Estaminet Tomeno Mercier

Estaminet Tomeno Mercier

11 juin 2012

MARCO, MICHEL, MOMO, ET NOUS AUTRES…

Françoise Tomeno
11 juin 2012

Je l’aperçois de l’autre côté de la vitre de l’entrée du bistrot. Dans un premier temps, plongée dans ma lecture, je n’aperçois qu’une silhouette, reconnaissable entre toutes. C’est bien lui, Marco, ancien serveur de ce bistrot. Je sais qu’il vient parfois, mais je n’ai jamais eu l’occasion, le plaisir, de le croiser. Le haut du corps penché vers son interlocuteur, visage de profil, mais le bas du corps déjà en partance vers une autre direction, qui sera l’intérieur du bistrot. Je l’ai toujours perçu comme ça, Marco : une moitié de lui en discussion avec l’un ou l’autre, l’autre moitié qui s’affaire à son service.

Le voici qui entre, salue tout le monde, et commence à taquiner Michel, qui est derrière le comptoir, au boulot. C’est samedi matin, ça commence à être chaud.  Comme je suis plongée dans un très beau livre, « Éloge des voyages insensés », de Vassili Golovanov, je rate la conversation entre Marco et Michel, probablement un morceau d’anthologie à la Marco. Mais que voulez-vous, quand je voyage, je voyage.

Tout à coup, je vois Marco desservir les tables. Il file un coup de main à son collègue, à Michel, tout en continuant à le chiner.
Servir, desservir. On sert quelqu’un, un client, on ne le dessert pas, c’est la table que l’on dessert. Quand on dessert quelqu’un, c’est qu’on ne lui rend pas service, bien au contraire. Bizarre, la langue.

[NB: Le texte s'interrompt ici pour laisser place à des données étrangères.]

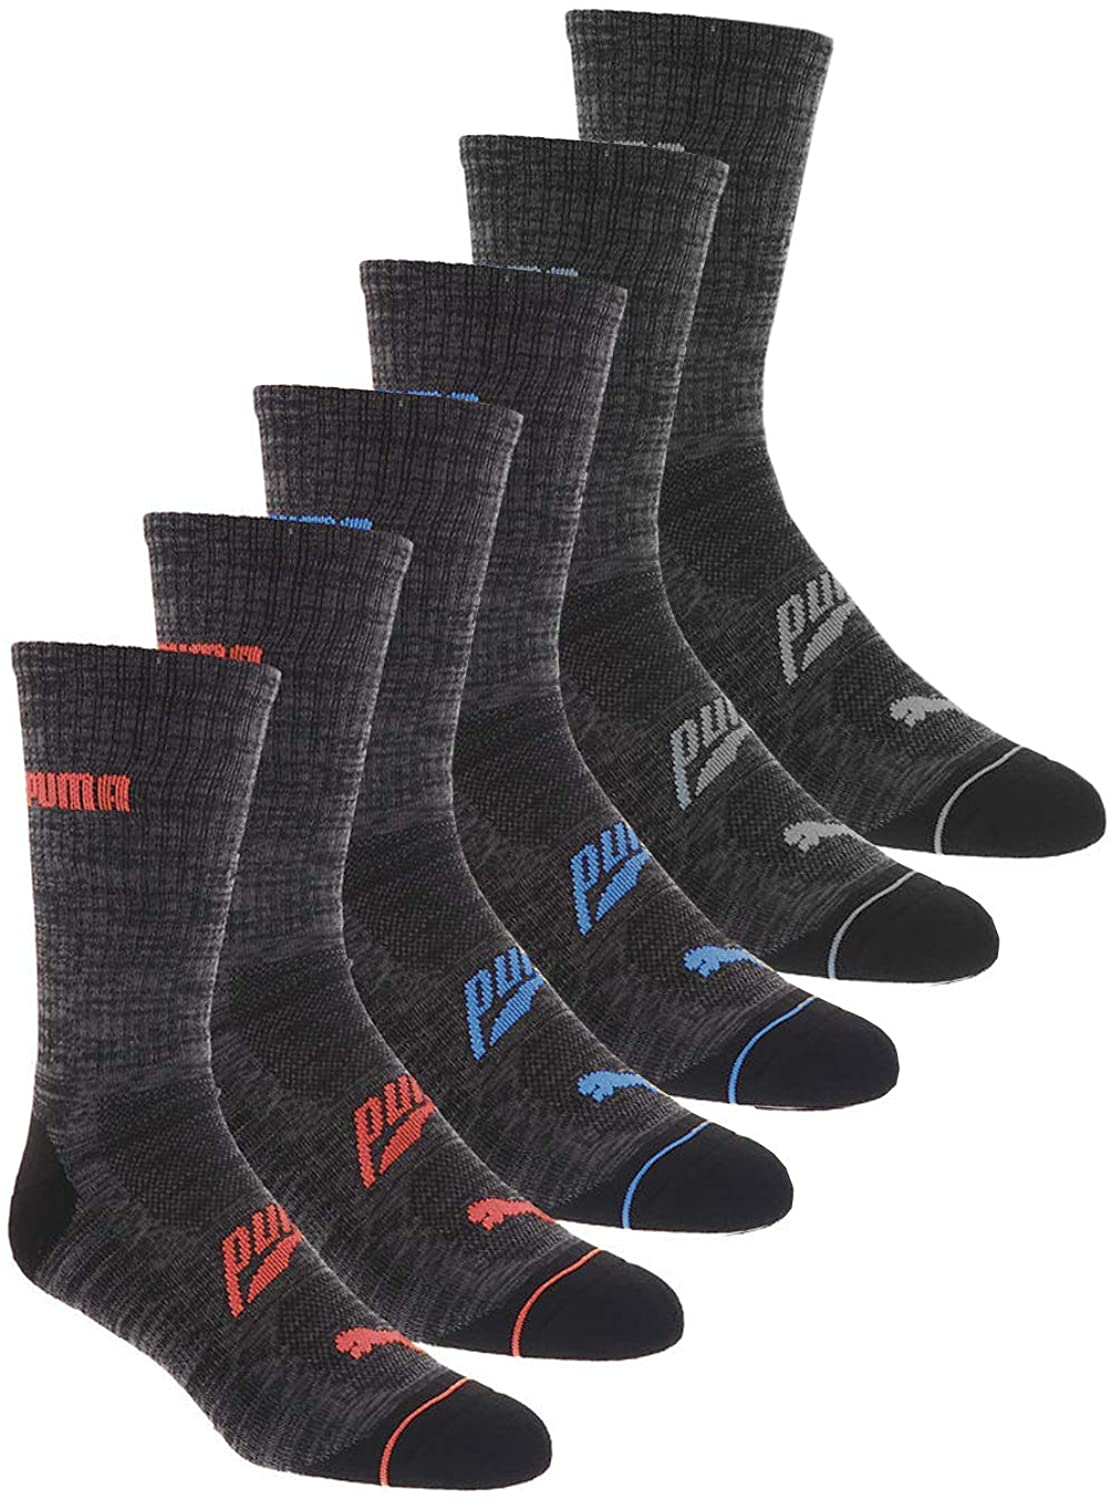 Puma Men's 6 Pack Sport Style Long Crew Socks | eBay

La noblesse du geste du serveur est dans le « servir », pas dans le « desservir ». J’ai l’impression qu’il existe pas mal de photos de serveurs en train de servir, mais pas beaucoup de photos de serveurs en train de desservir. Desservir, c’est du côté du déchet, des tâches moins nobles, du mégot, des papiers de sucre déchirés, de la proche poubelle ou de l’eau de vaisselle.

Et pourtant…. Quand Marco était serveur ici, Momo lui filait un coup de main, pour desservir, précisément. Et Marco prêtait une attention toute particulière à cette tâche qu’accomplissait Momo, commentant, aidant, encourageant, indiquant, plaisantant aussi. Il donnait ainsi toute sa noblesse à ce geste du desservir, et toute sa dignité à Momo [1]. Momo, assoiffé de reconnaissance, la trouvait chez Marco, en échange de ces gestes qui étaient considérés par Marco comme du vrai travail.

Aujourd’hui, c’est Marco qui fait le travail de Momo. Et le geste est élégant, et drôle.